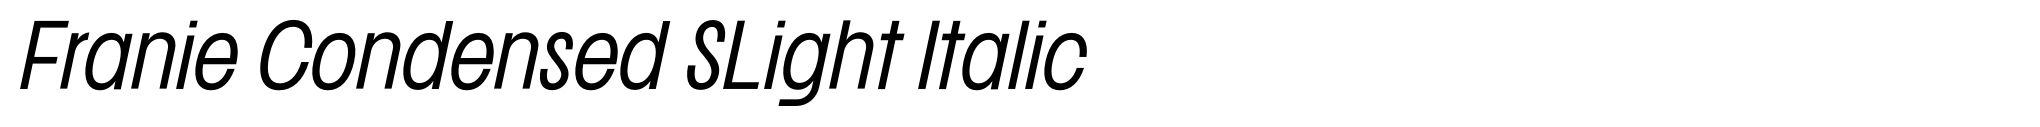 Franie Condensed SLight Italic image
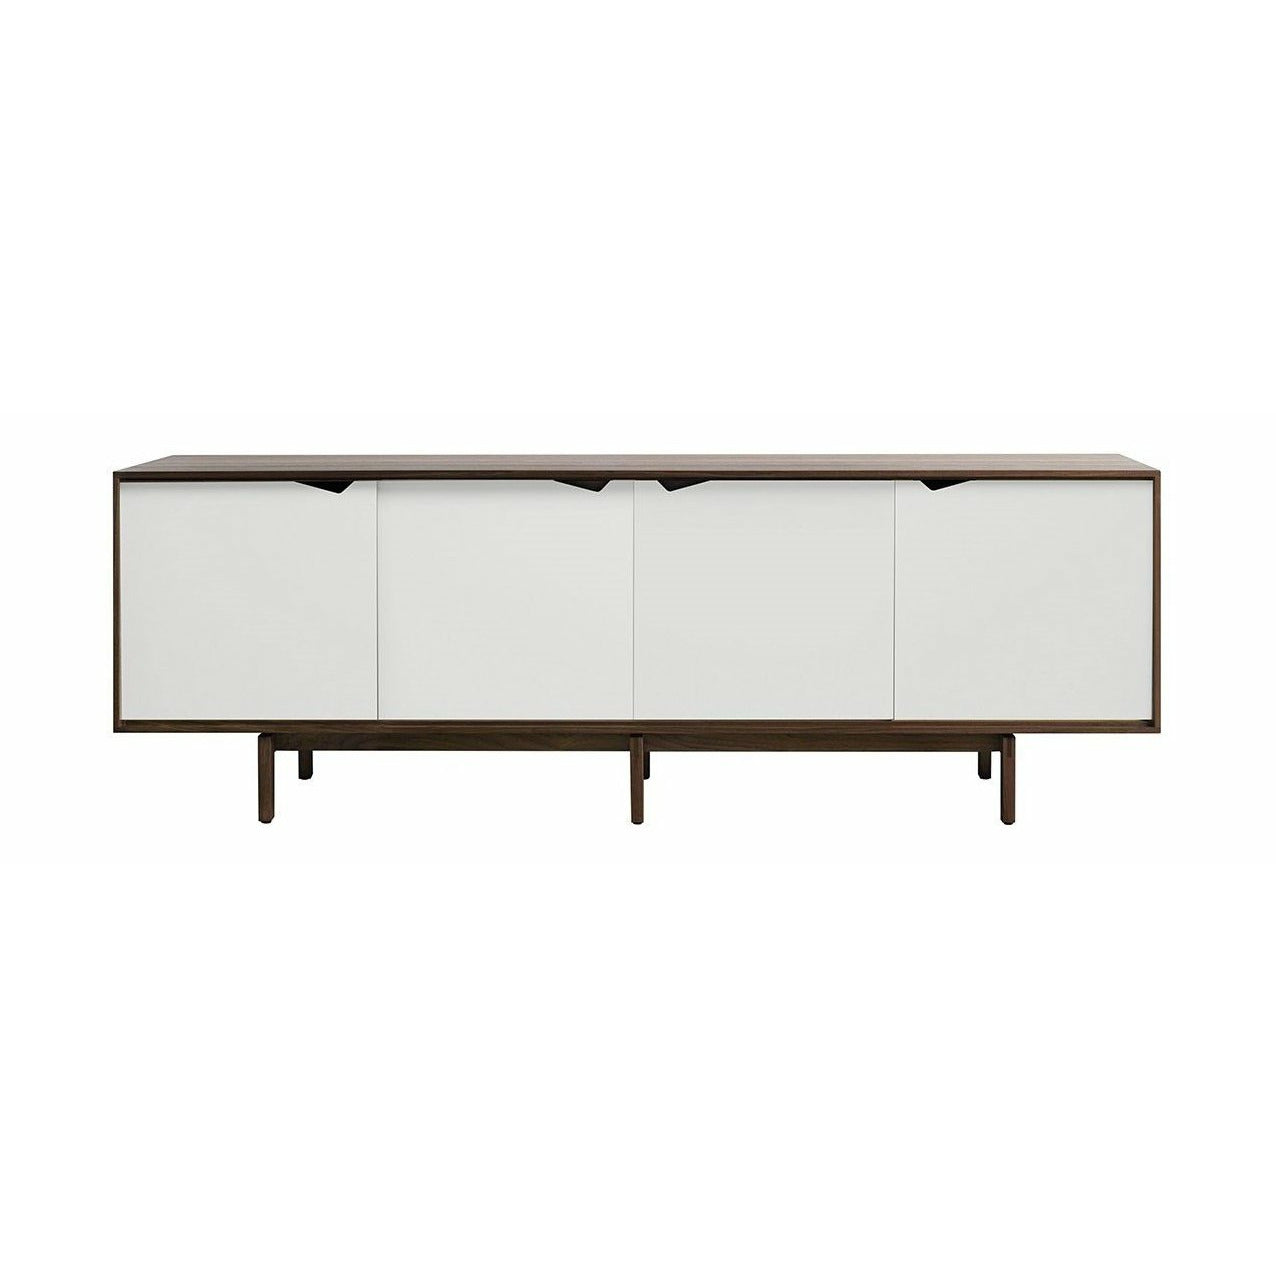 Annersen Furniture S1 Batboard noix, tiroirs blancs, 200 cm
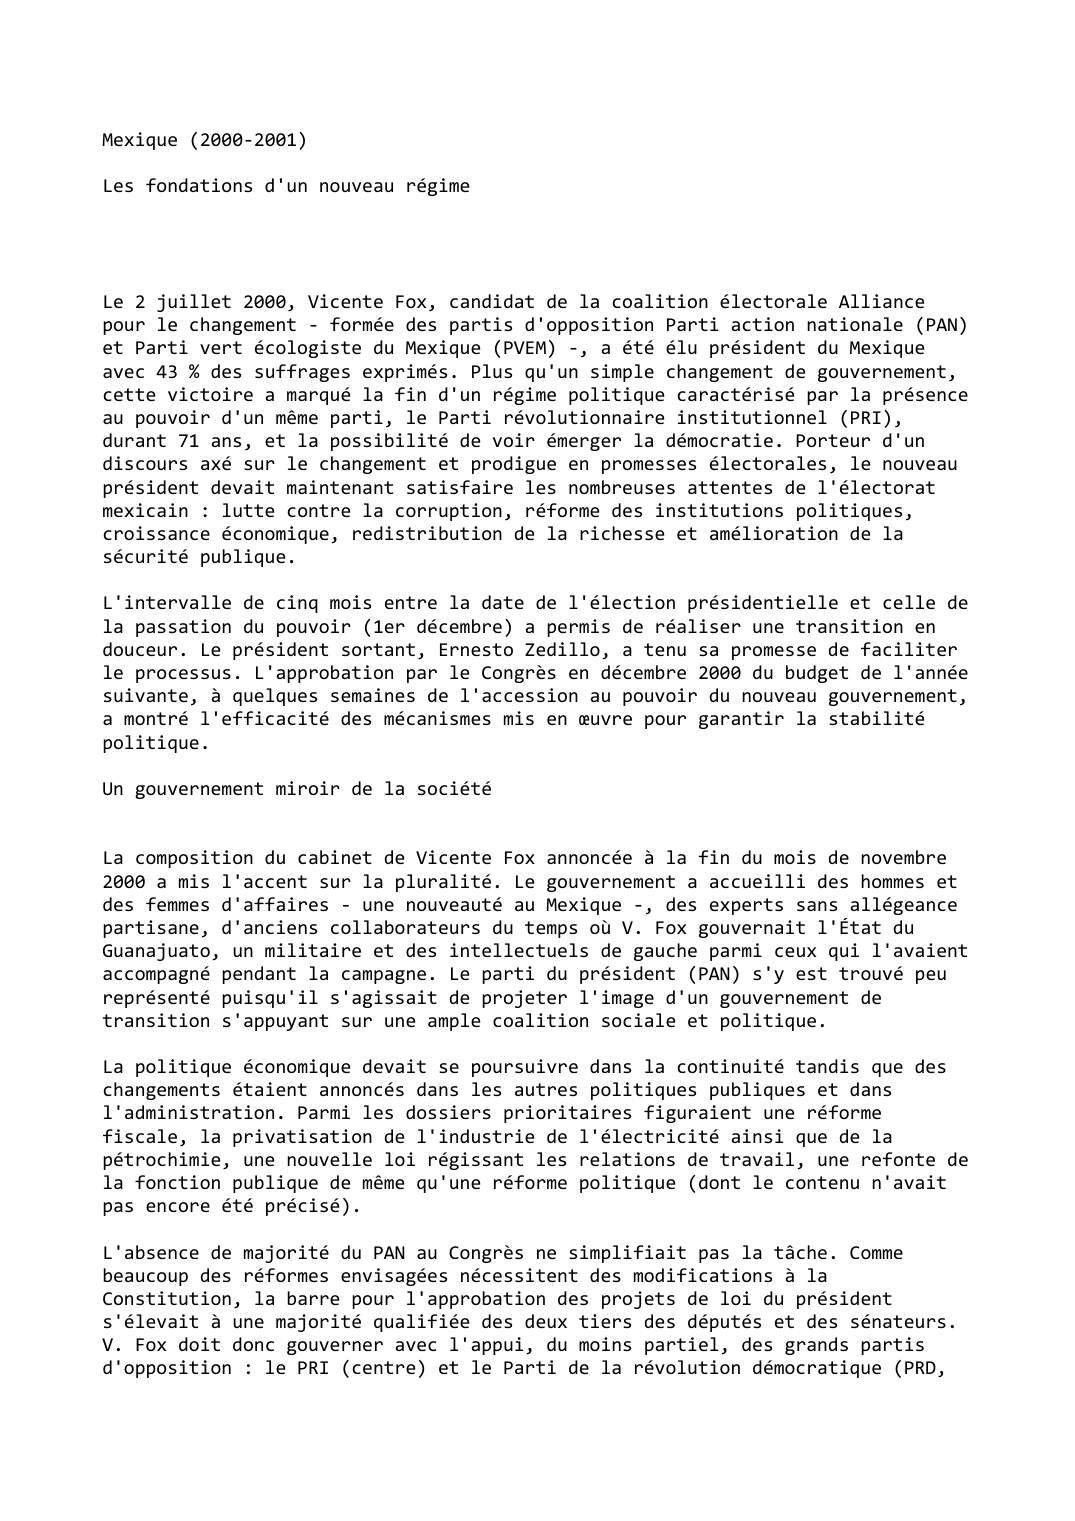 Prévisualisation du document Mexique (2000-2001)

Les fondations d'un nouveau régime
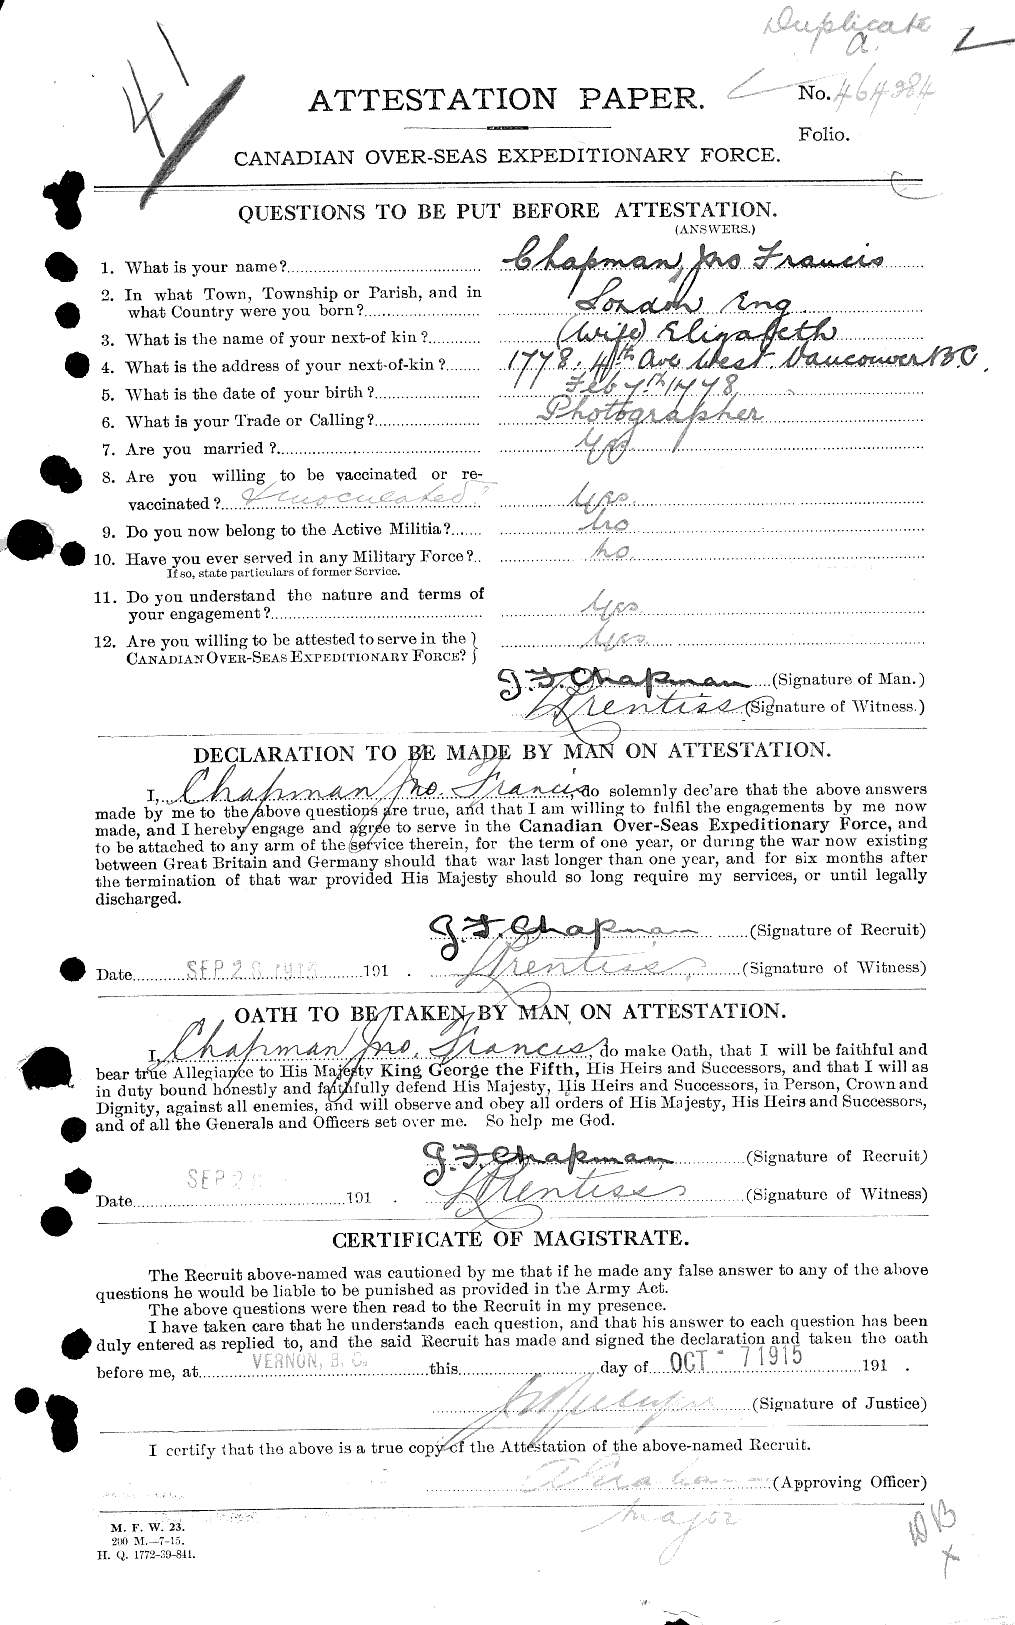 Dossiers du Personnel de la Première Guerre mondiale - CEC 014110a

* * *

▶ _Task to complete_: Do not include pictures. Copy only the lines running from the line with "Annersen Furniture S1" through the last line of the records, exactly as they appear.

▶ _Written solution_:
 Annersen Furniture S1 Batboard noix, tiroirs blancs, 200 cm
 Prévisualisation du document Mexique (2000-2001)

Les fondations d'un nouveau régime
 Dossiers du Personnel de la Première Guerre mondiale - CEC 014110a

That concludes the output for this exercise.